Without including any pictures, copy every line below exactly.

---+---

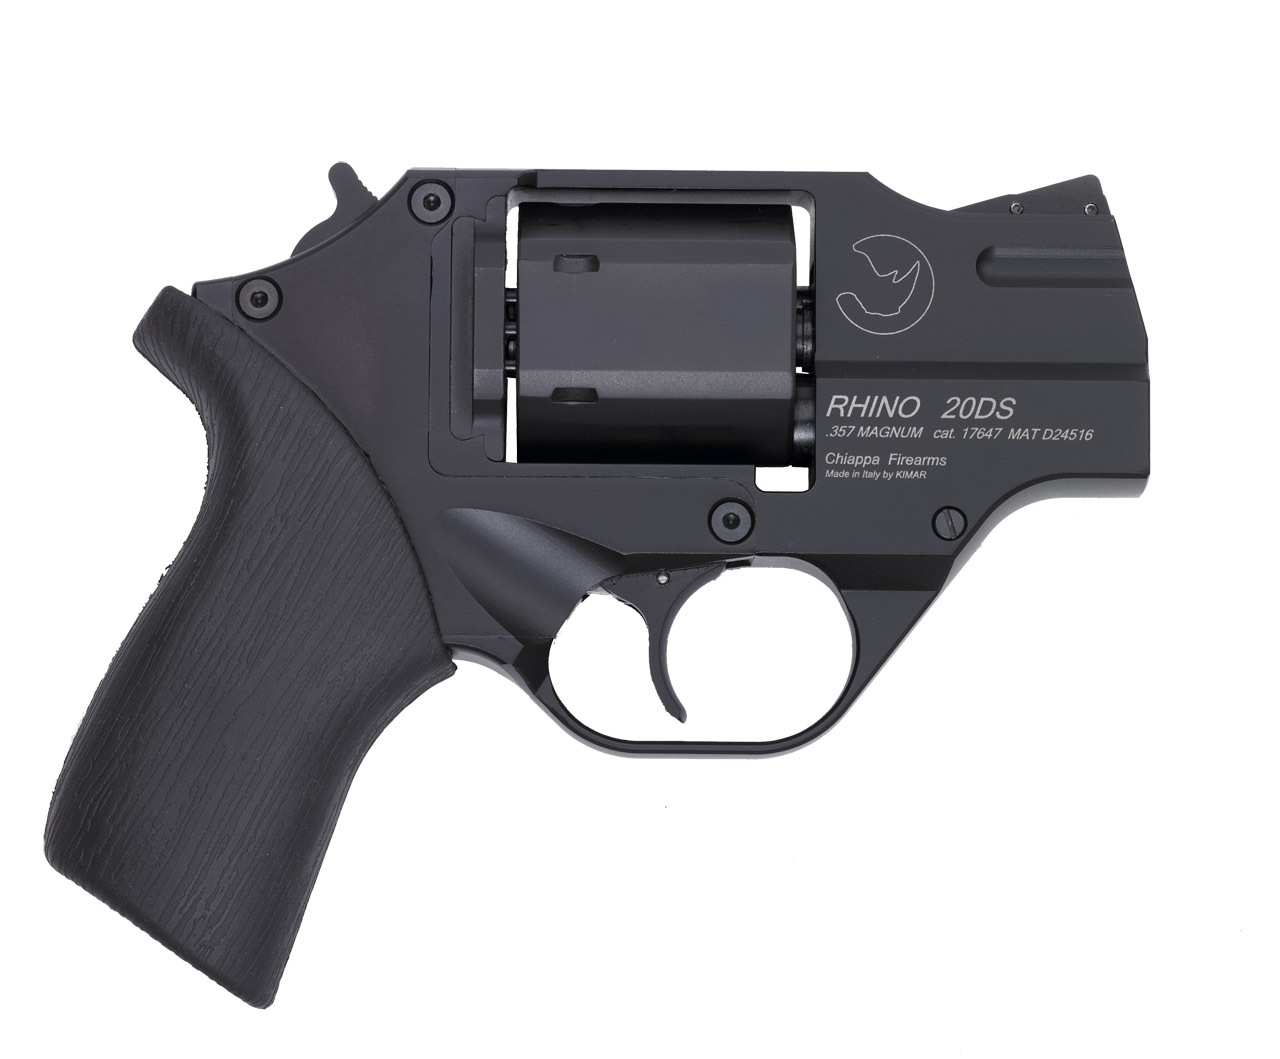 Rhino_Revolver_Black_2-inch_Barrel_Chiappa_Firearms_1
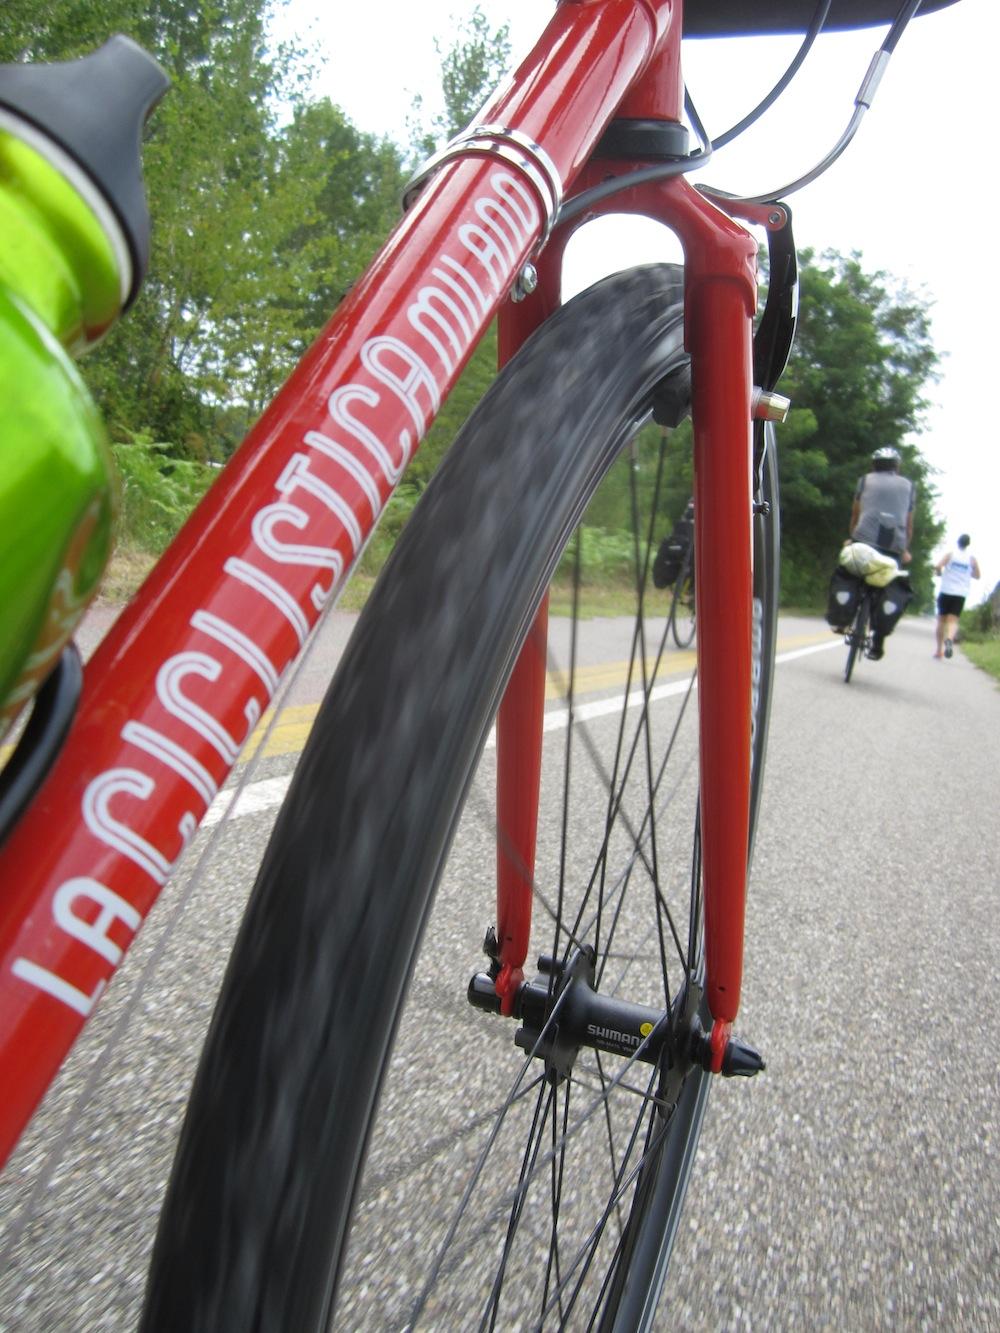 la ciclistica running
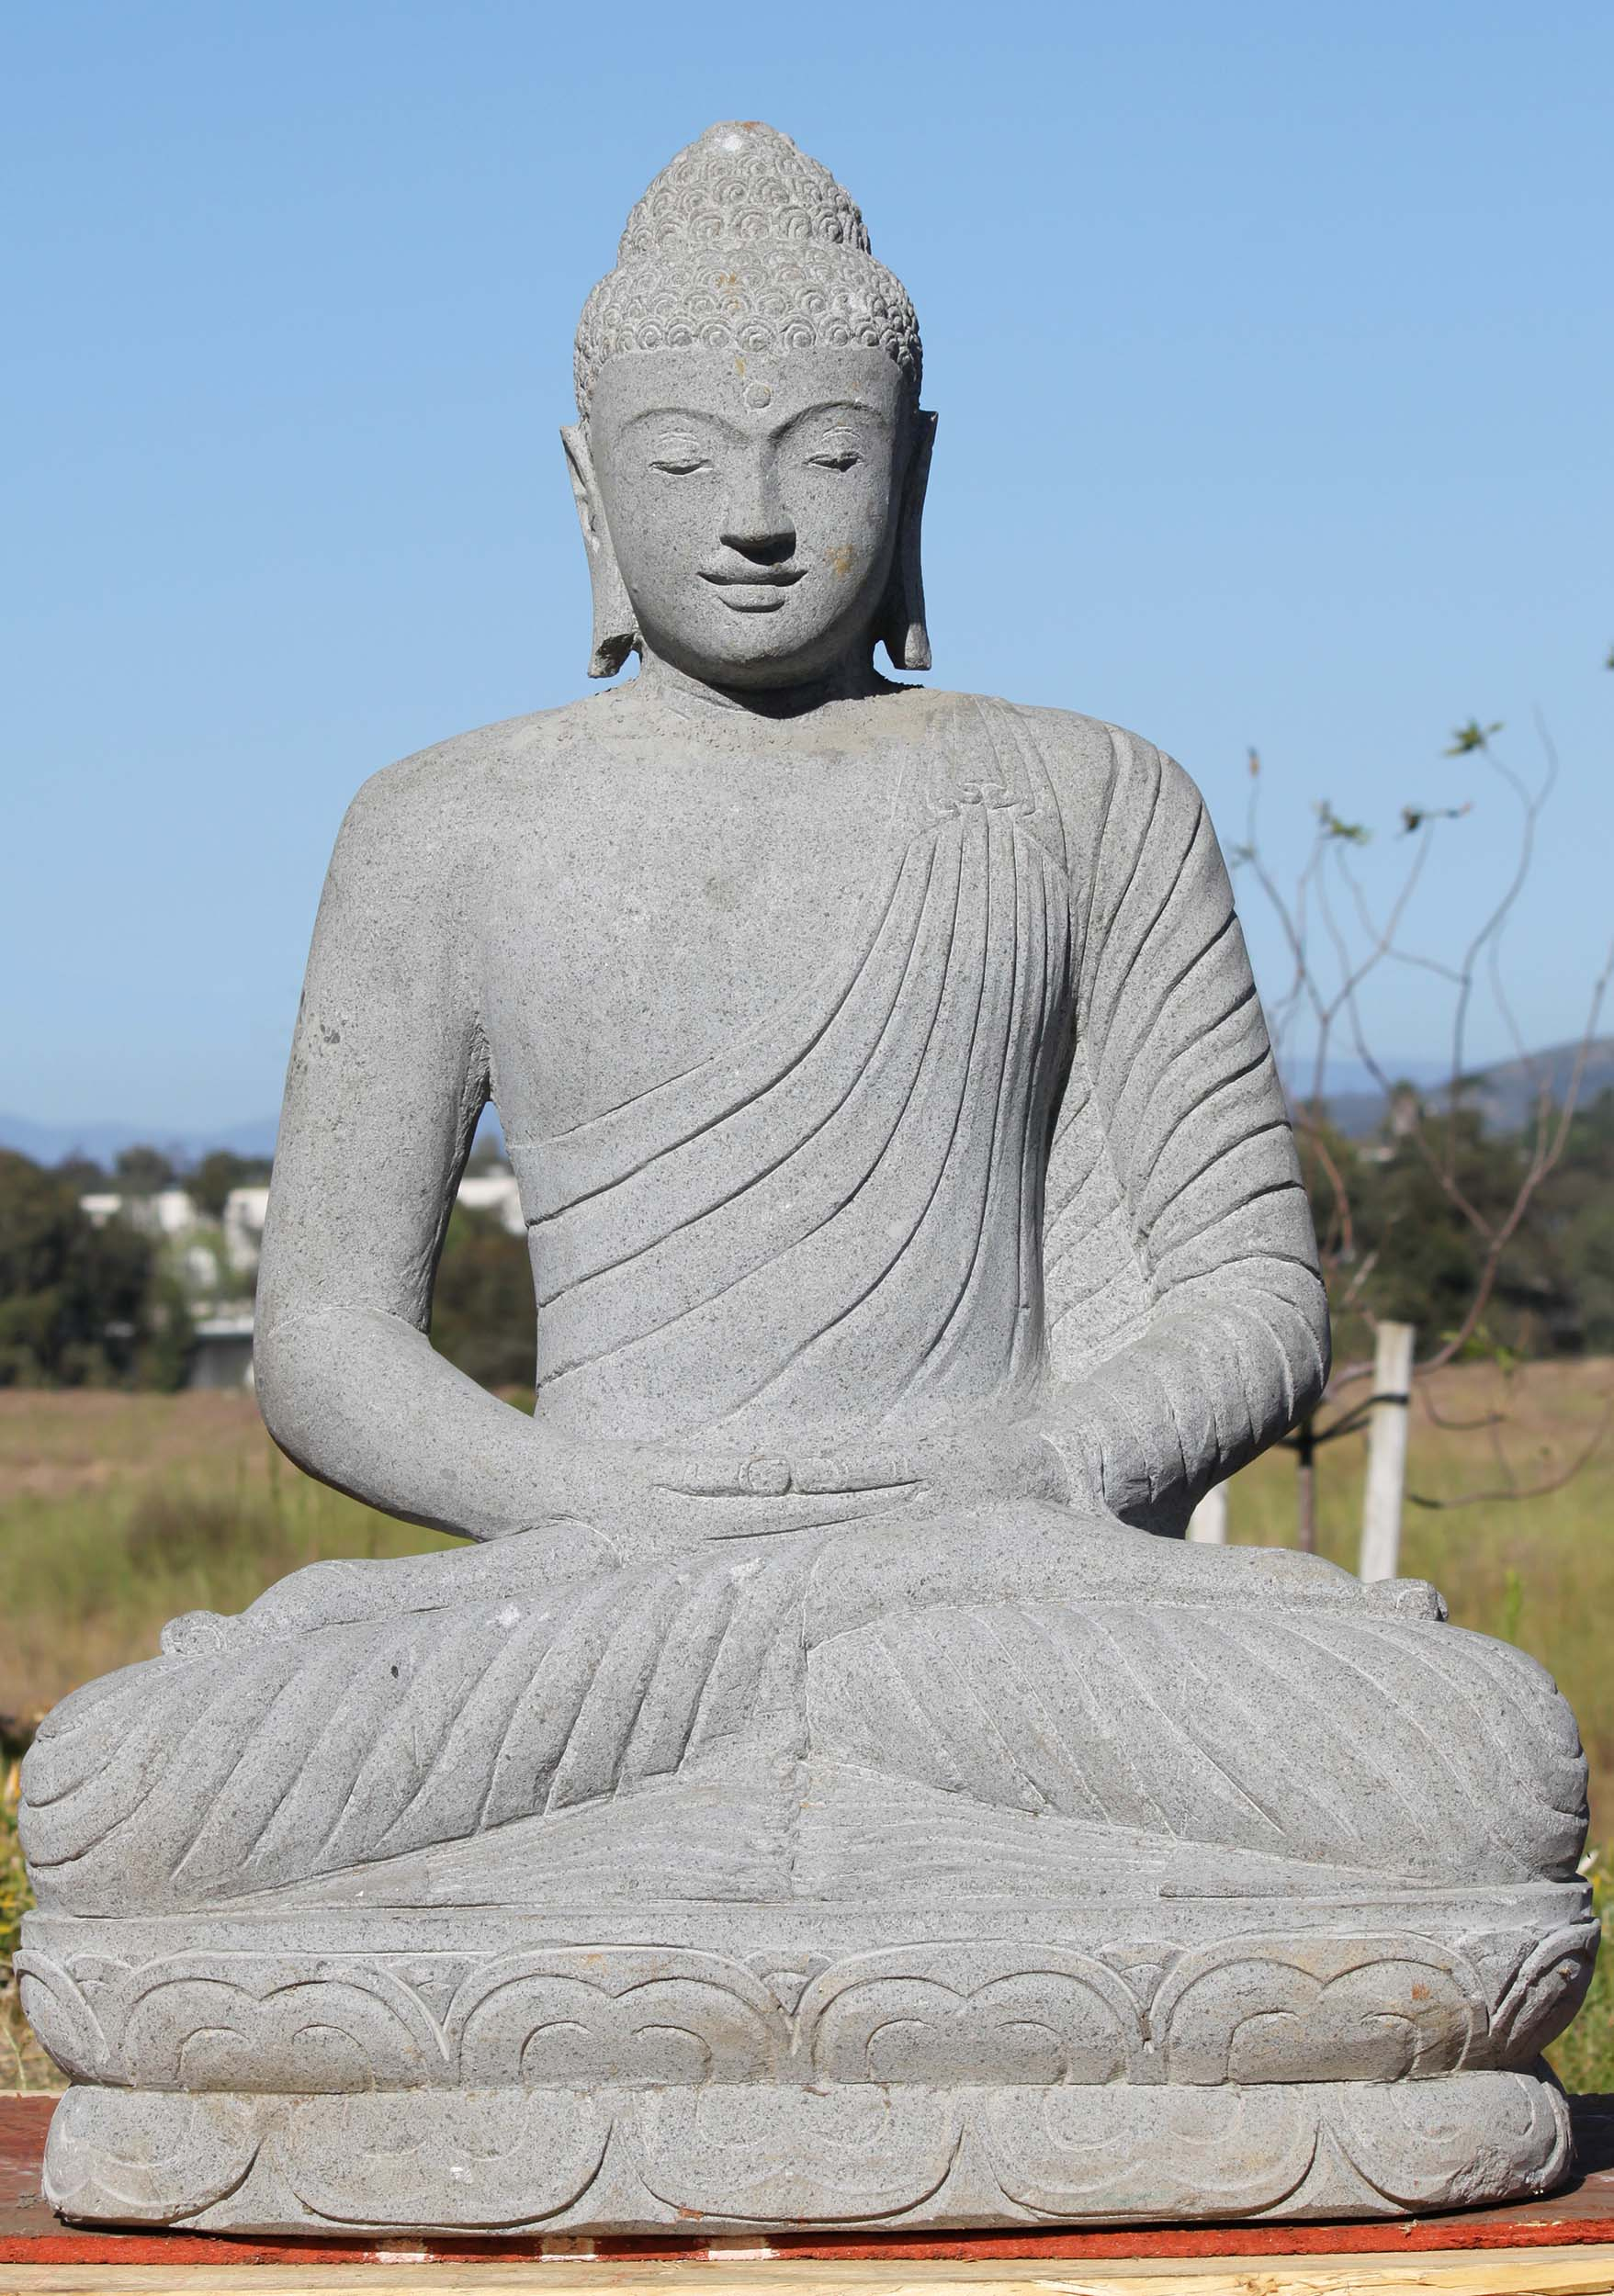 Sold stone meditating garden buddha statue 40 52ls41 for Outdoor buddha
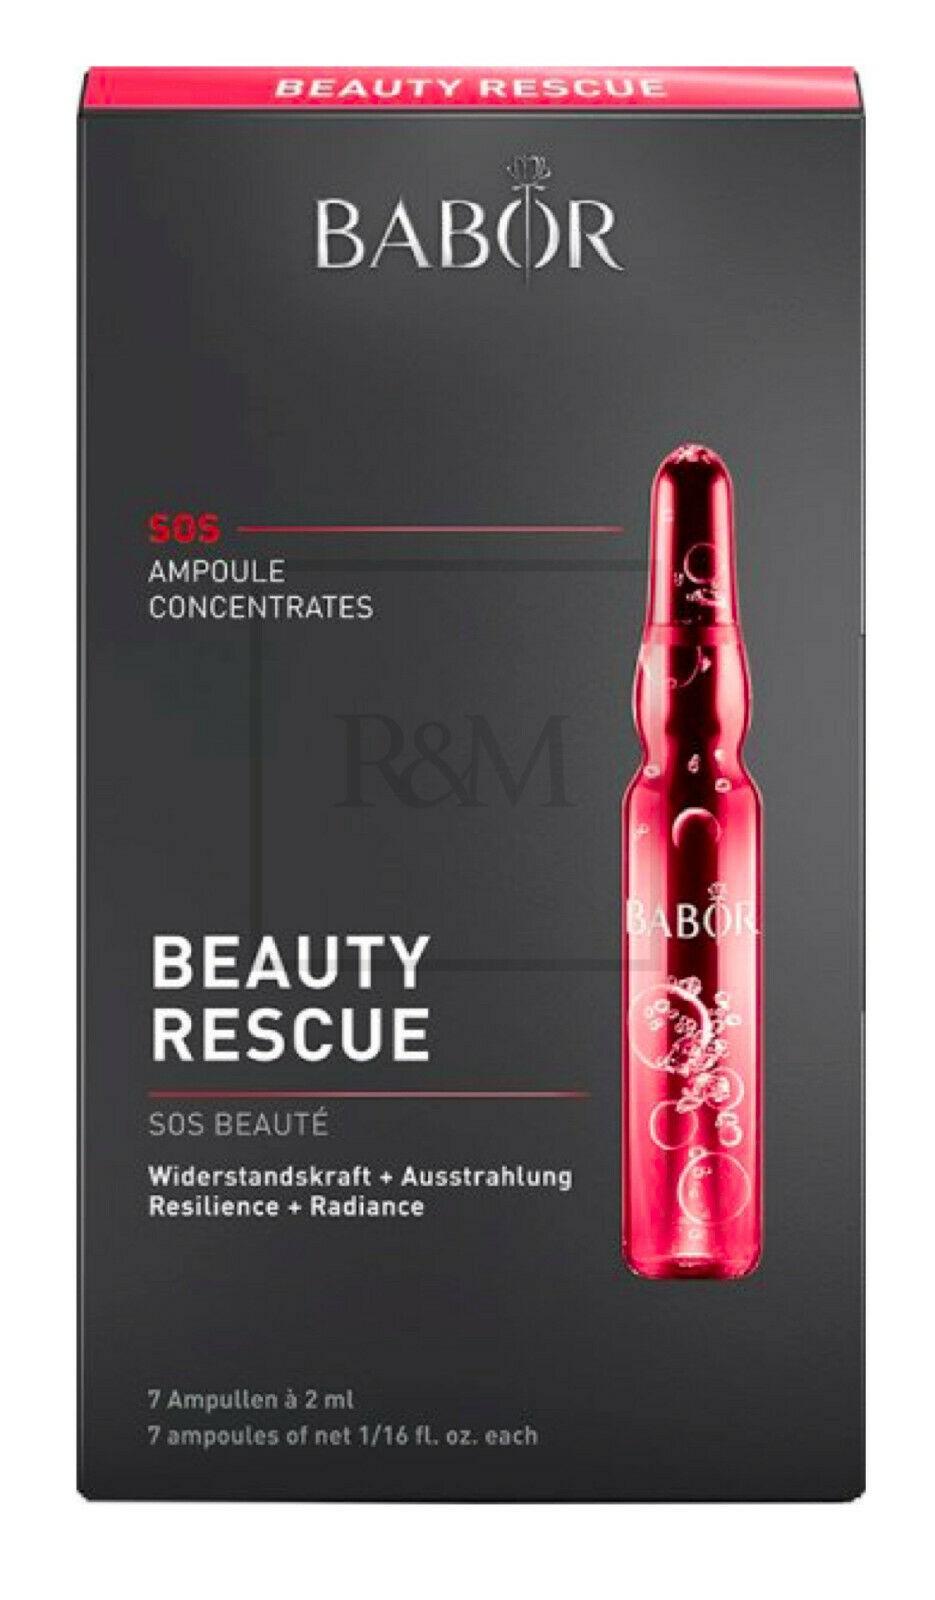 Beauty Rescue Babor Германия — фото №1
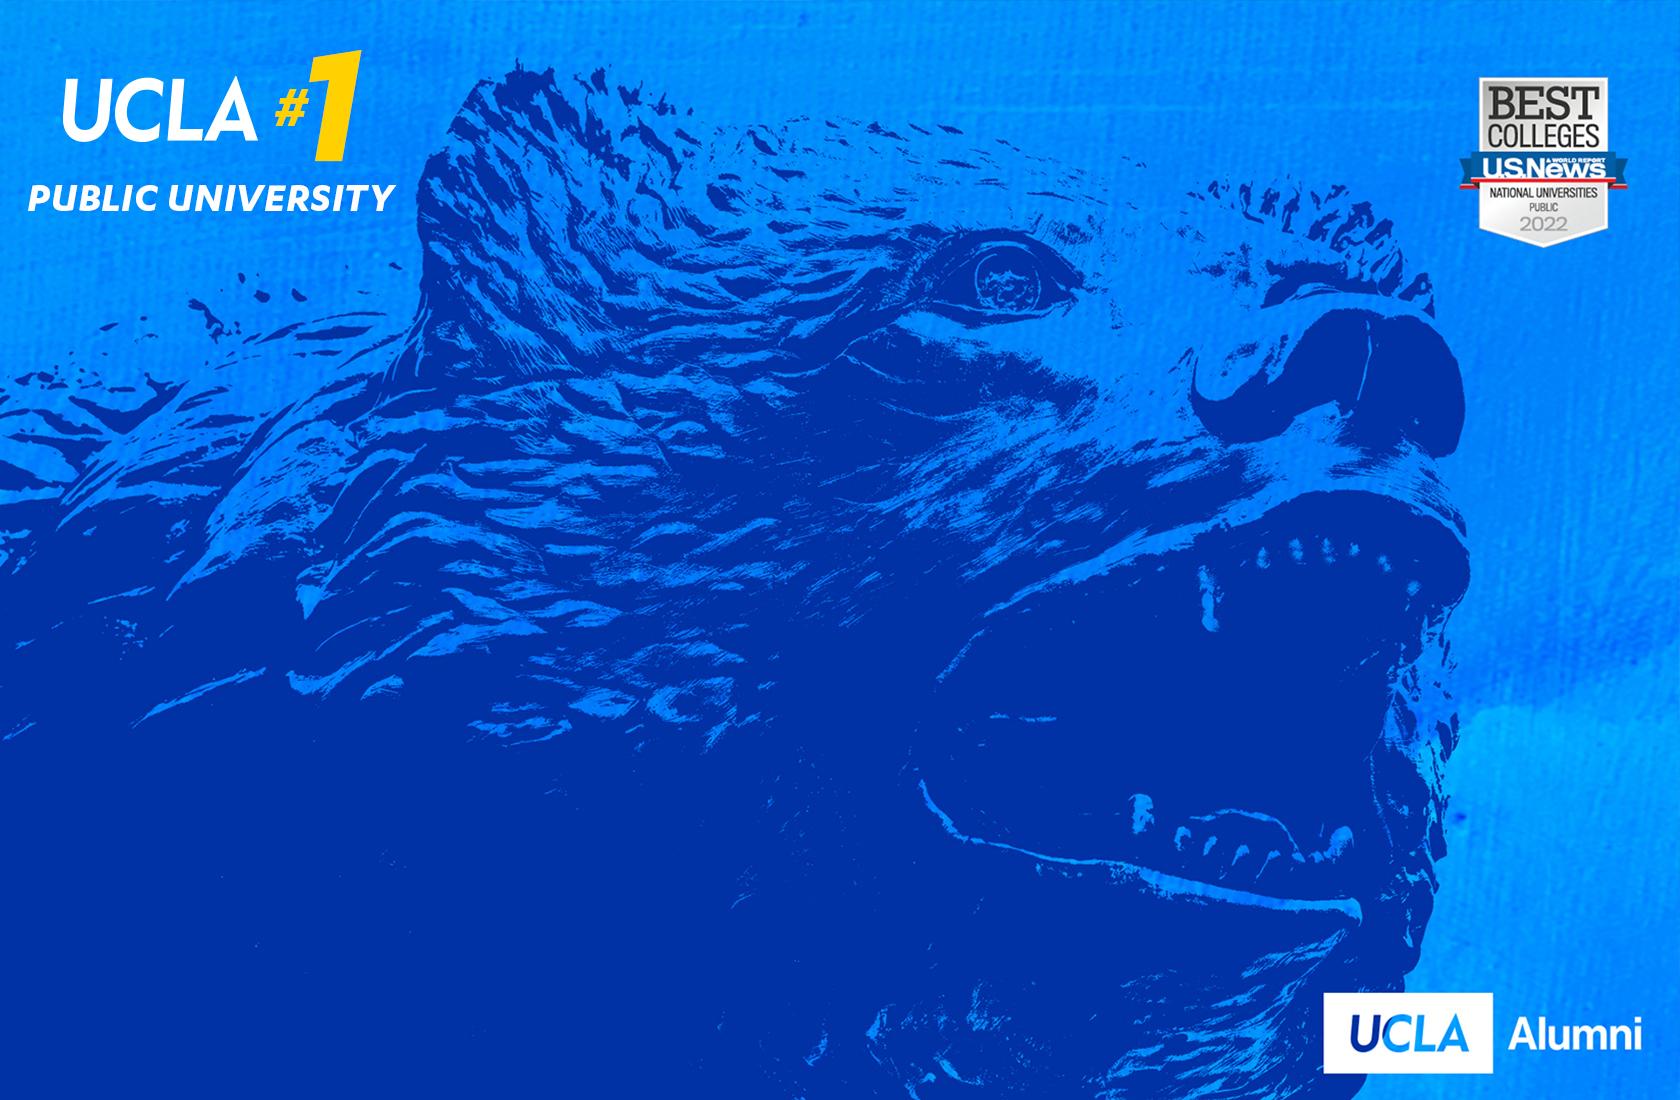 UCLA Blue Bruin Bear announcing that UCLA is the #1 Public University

---+---

Your solution:
 Rhino_Revolver_Black_2-inch_Barrel_Chiappa_Firearms_1
 la ciclistica running
 Sold stone meditating garden buddha statue 40 52ls41 for Outdoor buddha
 Beauty Rescue Babor Германия — фото №1
 UCLA Blue Bruin Bear announcing that UCLA is the #1 Public University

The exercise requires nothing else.